Interactive 3D Segmentation for Primary Gross Tumor Volume in Oropharyngeal Cancer
Mikko Saukkoriipi, Jaakko Sahlsten, Joel Jaskari, Lotta Orasmaa, Jari Kangas, Nastaran Rasouli, Roope Raisamo, Jussi Hirvonen, Helena Mehtonen, Jorma Järnstedt, Antti Mäkitie, Mohamed Naser, Clifton Fuller, Benjamin Kann, Kimmo Kaski
TL;DR
This study addresses the challenge of accurate GTVp segmentation in OPC by introducing 2S-ICR, a two-stage interactive deep learning framework that couples a standard volumetric DL model with an interactive refinement model. Trained on the HECKTOR dataset and validated externally on MD Anderson data, 2S-ICR achieves strong non-interactive baselines and superior performance as clinicians interact, with ensemble refinements providing additional gains. The results demonstrate robust 3D interactive segmentation in PET-CT space, reducing manual effort while maintaining high accuracy, and point to broader potential for interactive segmentation in clinical radiotherapy planning. The work highlights the practicality of click-based corrections in 3D volumetric segmentation and discusses limitations and future extensions toward multi-class, real-user studies, and broader modality applicability.
Abstract
The main treatment modality for oropharyngeal cancer (OPC) is radiotherapy, where accurate segmentation of the primary gross tumor volume (GTVp) is essential.

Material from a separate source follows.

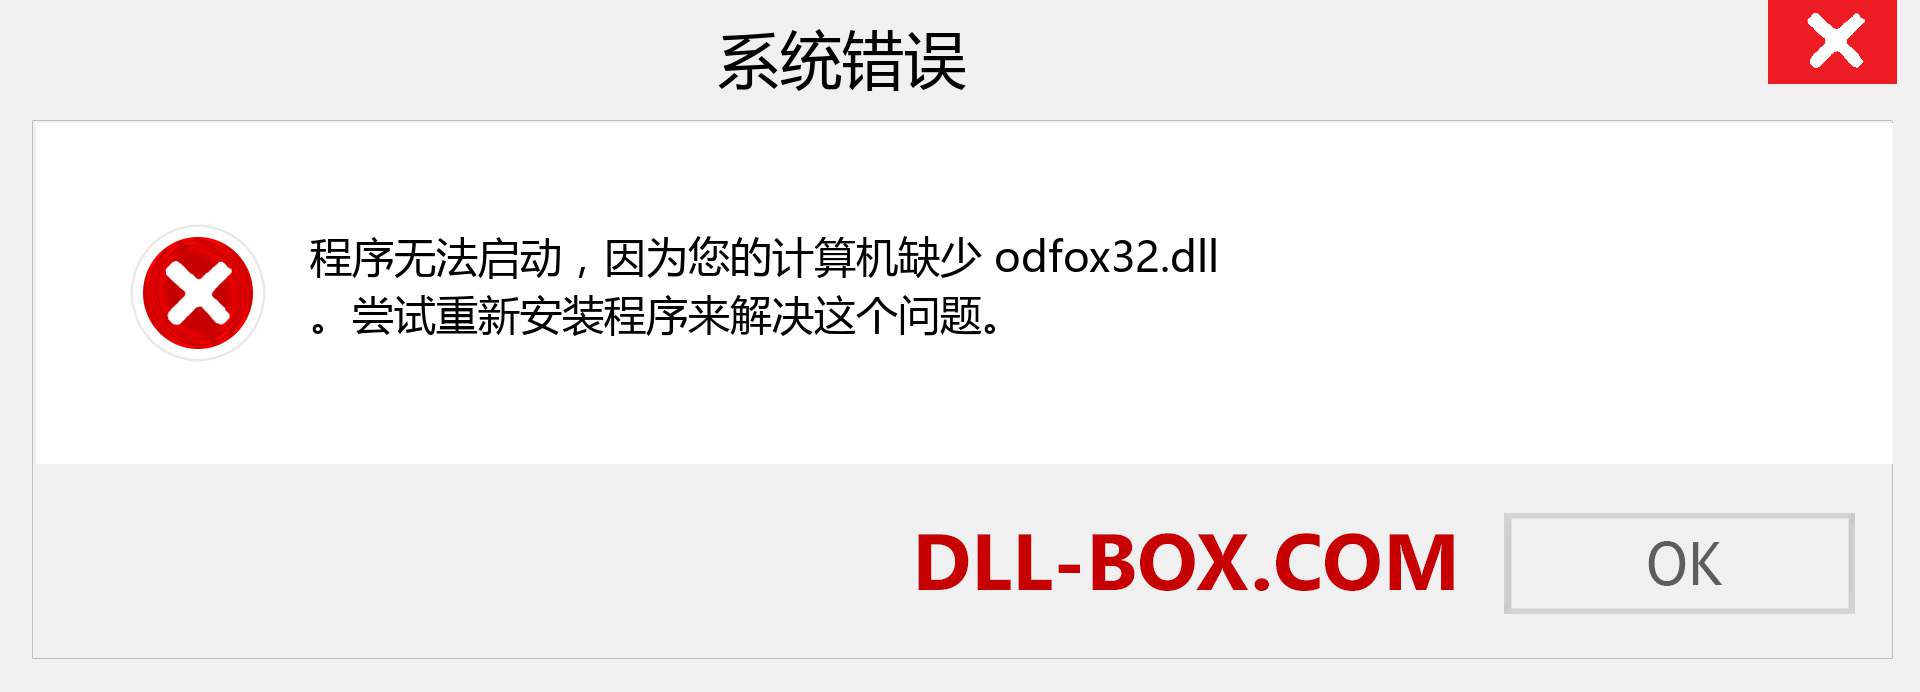 odfox32.dll 文件丢失？。 适用于 Windows 7、8、10 的下载 - 修复 Windows、照片、图像上的 odfox32 dll 丢失错误

However, accurate GTVp segmentation is challenging due to significant interobserver variability and the time-consuming nature of manual annotation, while fully automated methods can occasionally fail. An interactive deep learning (DL) model offers the advantage of automatic high-performance segmentation with the flexibility for user correction when necessary. In this study, we examine interactive DL for GTVp segmentation in OPC. We implement state-of-the-art algorithms and propose a novel two-stage Interactive Click Refinement (2S-ICR) framework. Using the 2021 HEad and neCK TumOR (HECKTOR) dataset for development and an external dataset from The University of Texas MD Anderson Cancer Center for evaluation, the 2S-ICR framework achieves a Dice similarity coefficient of 0.713 $\pm$ 0.152 without user interaction and 0.824 $\pm$ 0.099 after five interactions, outperforming existing methods in both cases.